### COLLECTED MATERIAL ###

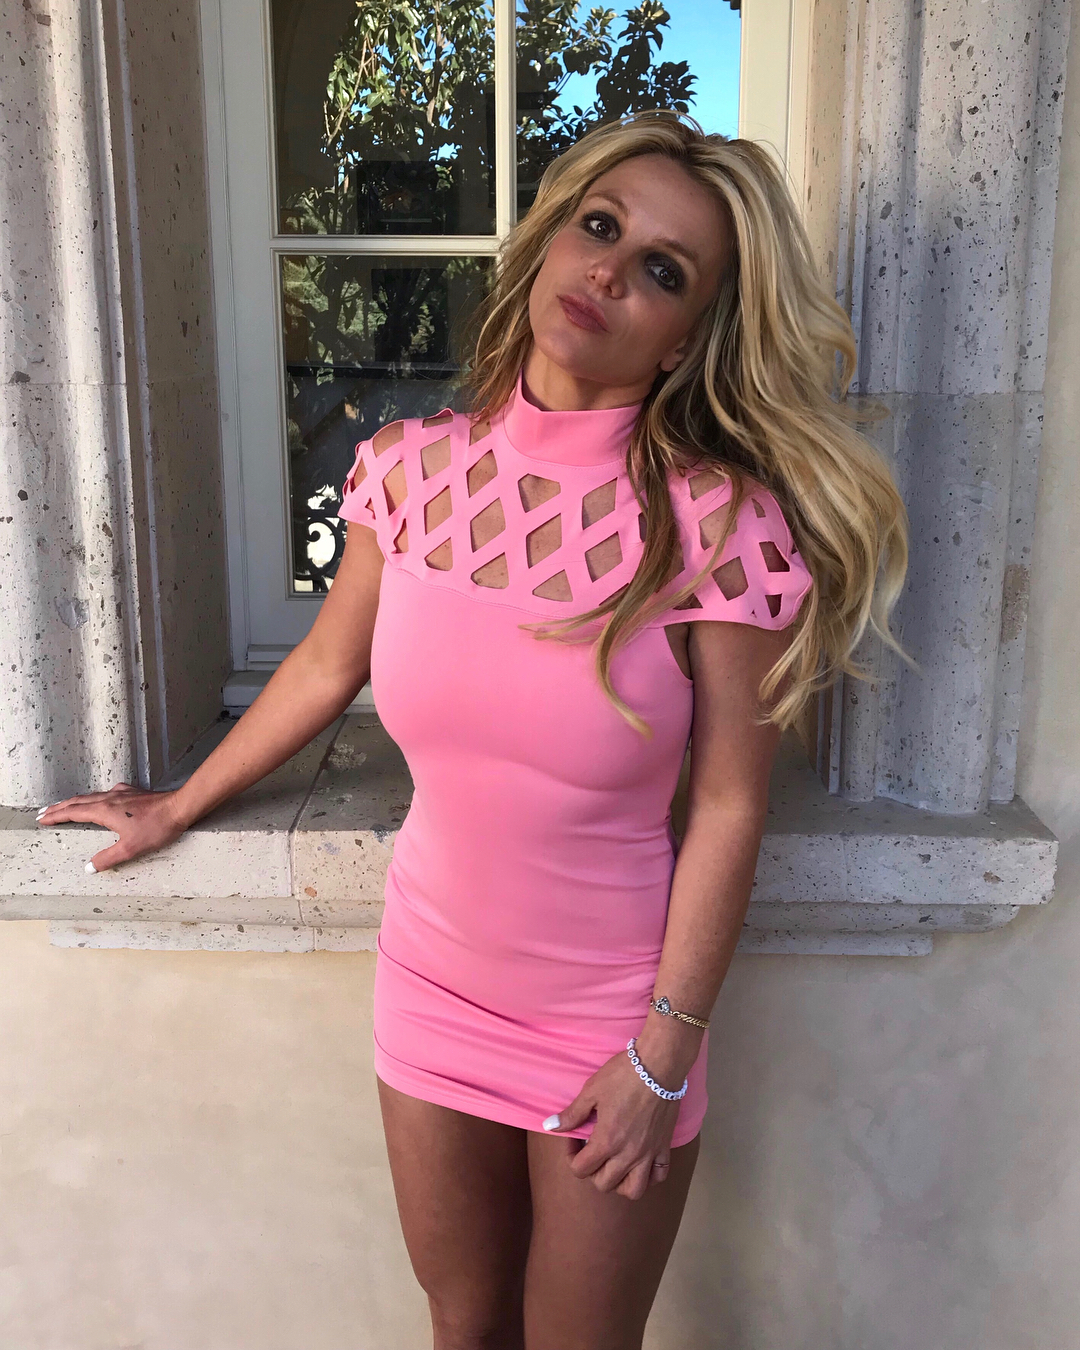 Novas imagens de Britney Spears dão a conhecer os resultados de meses de treinos físicos intensos. Há até quem não reconheça a cantora.
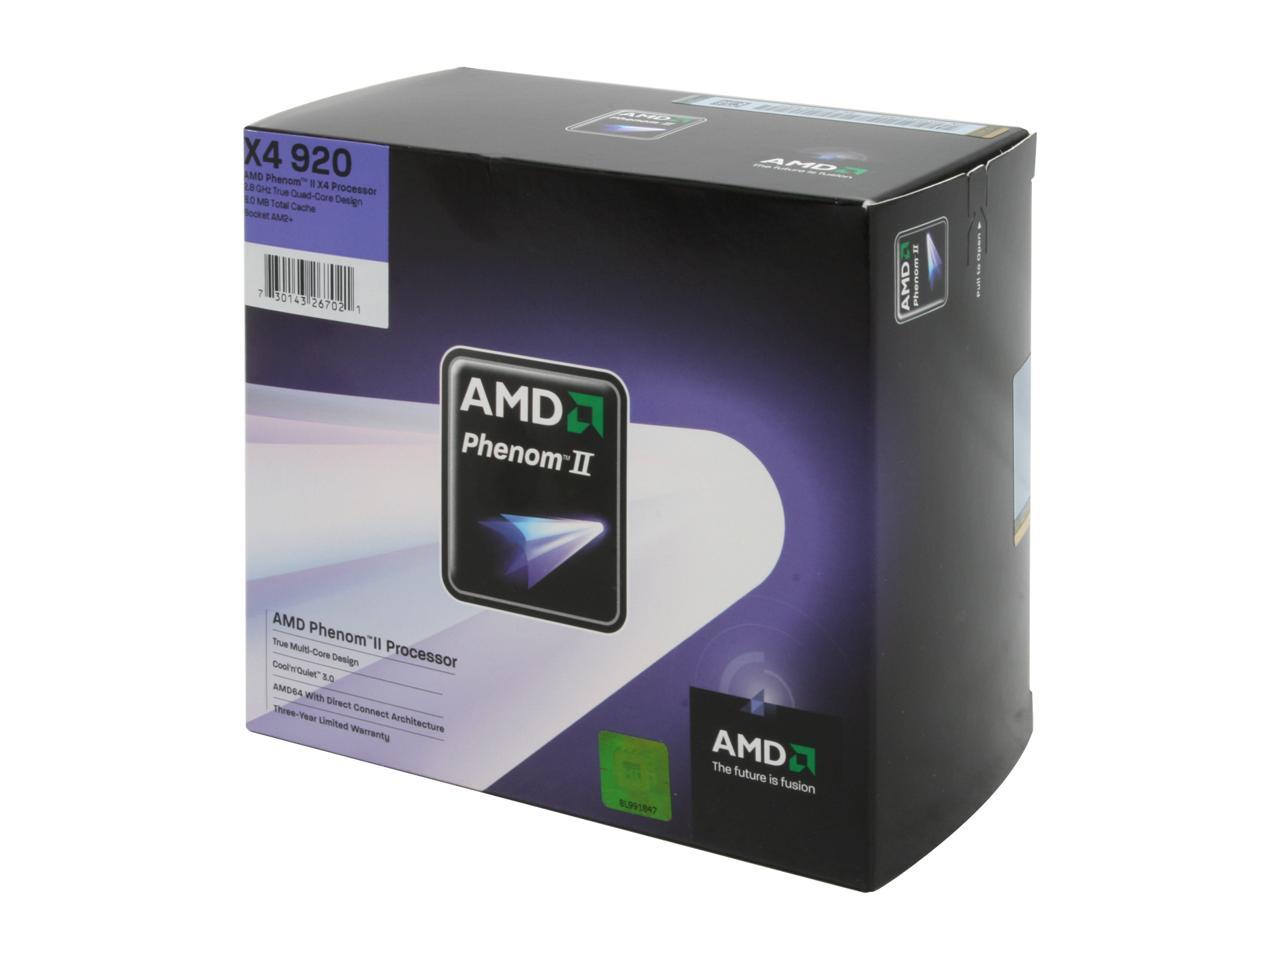 AMD Phenom II X4 920 Quad-Core 2.8 GHz Socket AM2+ 125W HDX920XCGIBOX Processor
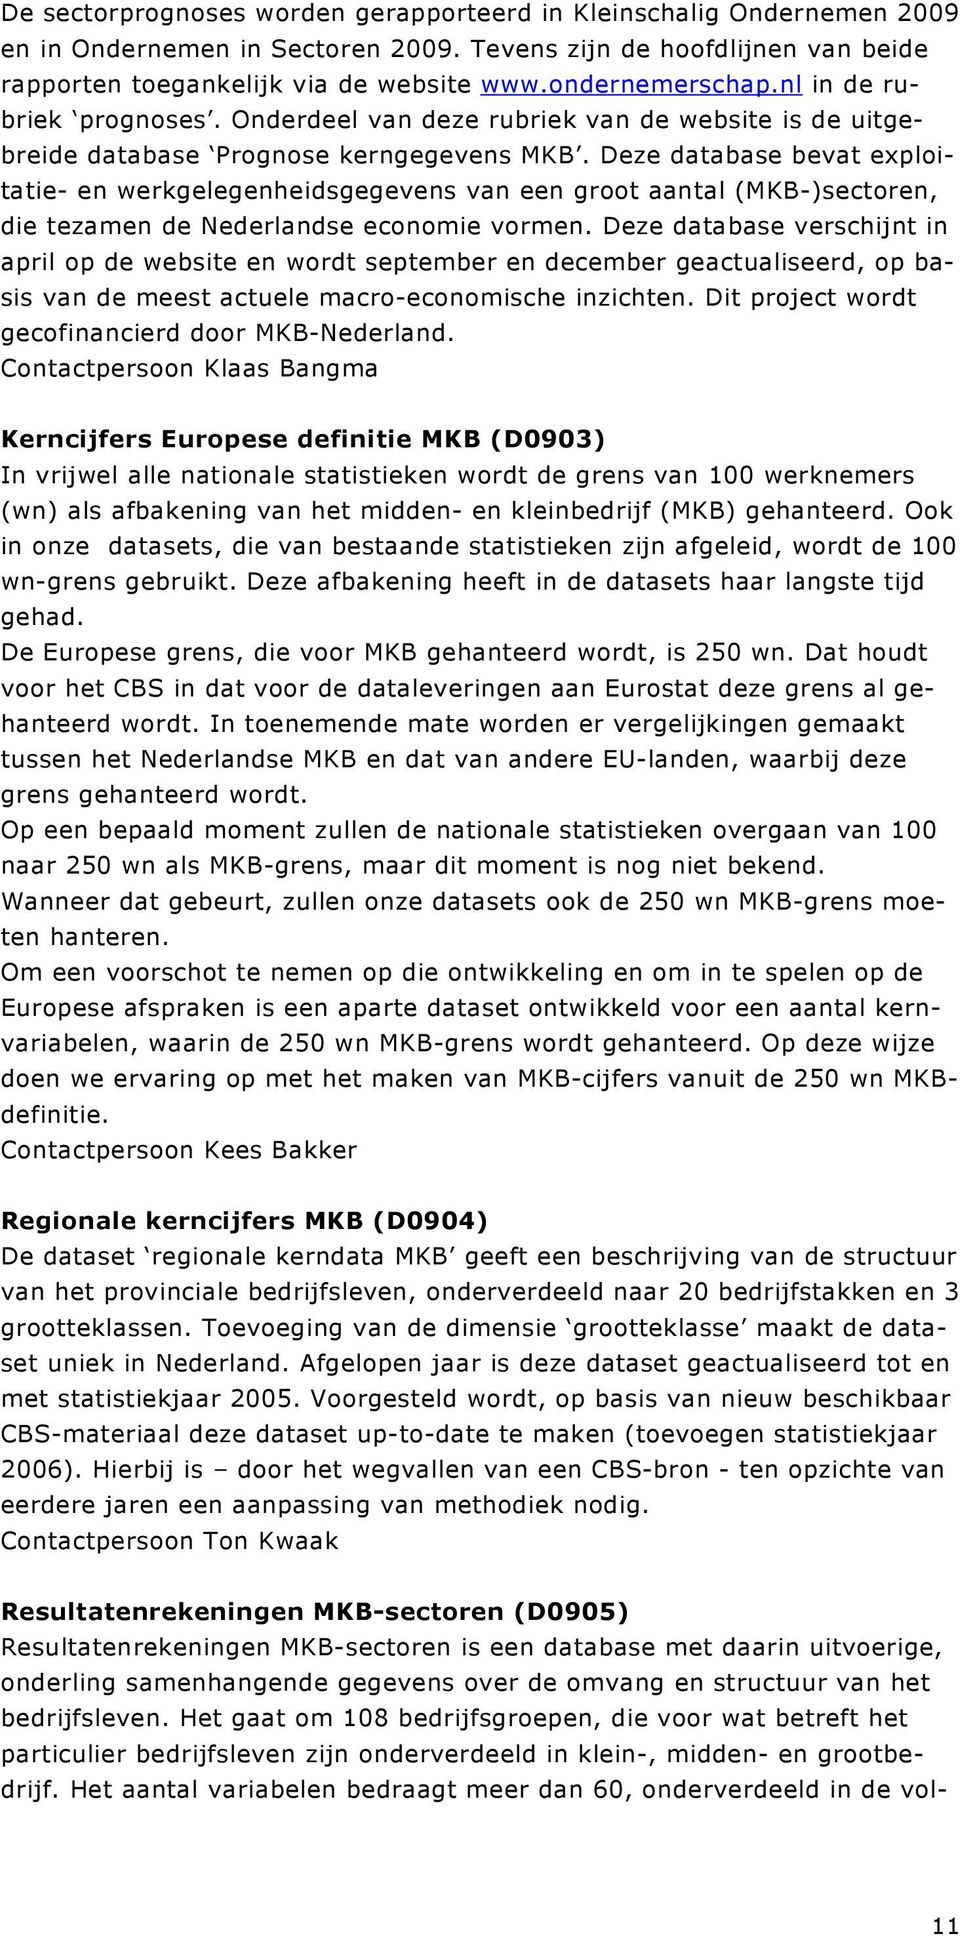 Deze database bevat exploitatie- en werkgelegenheidsgegevens van een groot aantal (MKB-)sectoren, die tezamen de Nederlandse economie vormen.
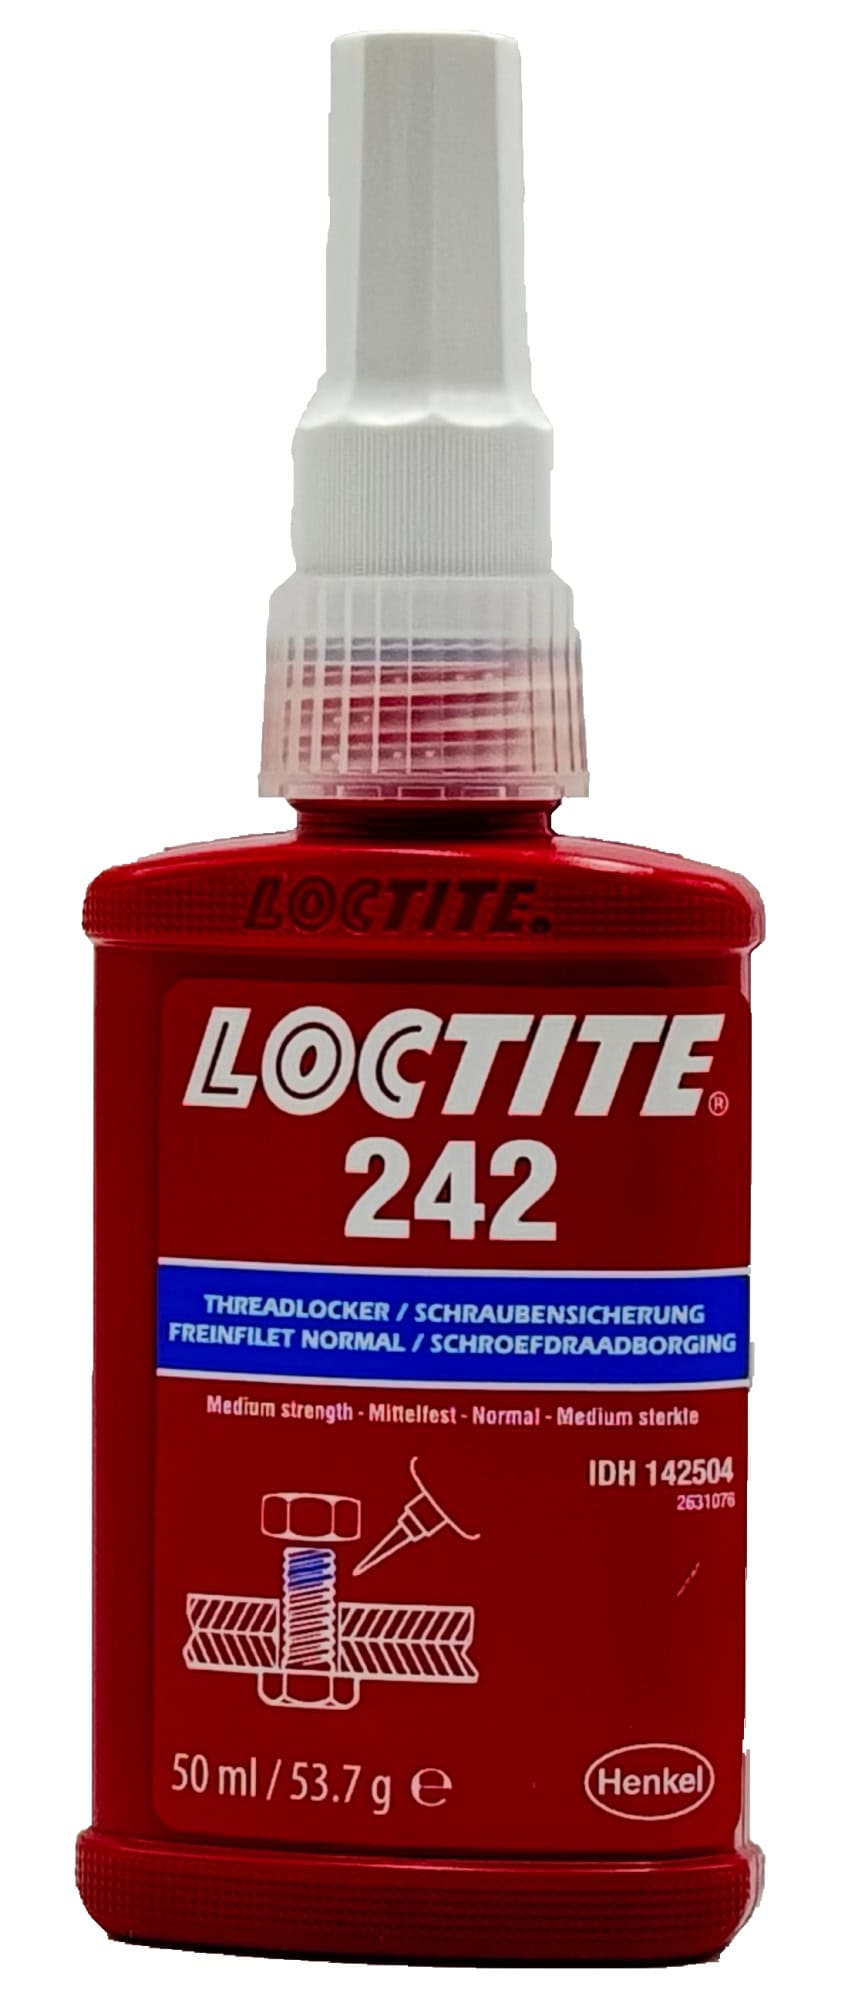 Henkel™ Loctite® Schraubensicherung 242, 50 ml, Blau, 142504, Universell einsetzbar

###

> **WORK INSTRUCTIONS**
Would you restate the listing word for word and leave every picture out?

> **RESULT BELOW**
 Novas imagens de Britney Spears dão a conhecer os resultados de meses de treinos físicos intensos. Há até quem não reconheça a cantora.
 AMD Phenom II X4 920 Quad-Core 2.8 GHz Socket AM2+ 125W HDX920XCGIBOX Processor
 Deze database bevat exploitatie- en werkgelegenheidsgegevens van een groot aantal (MKB-)sectoren, die tezamen de Nederlandse economie vormen.
 Henkel™ Loctite® Schraubensicherung 242, 50 ml, Blau, 142504, Universell einsetzbar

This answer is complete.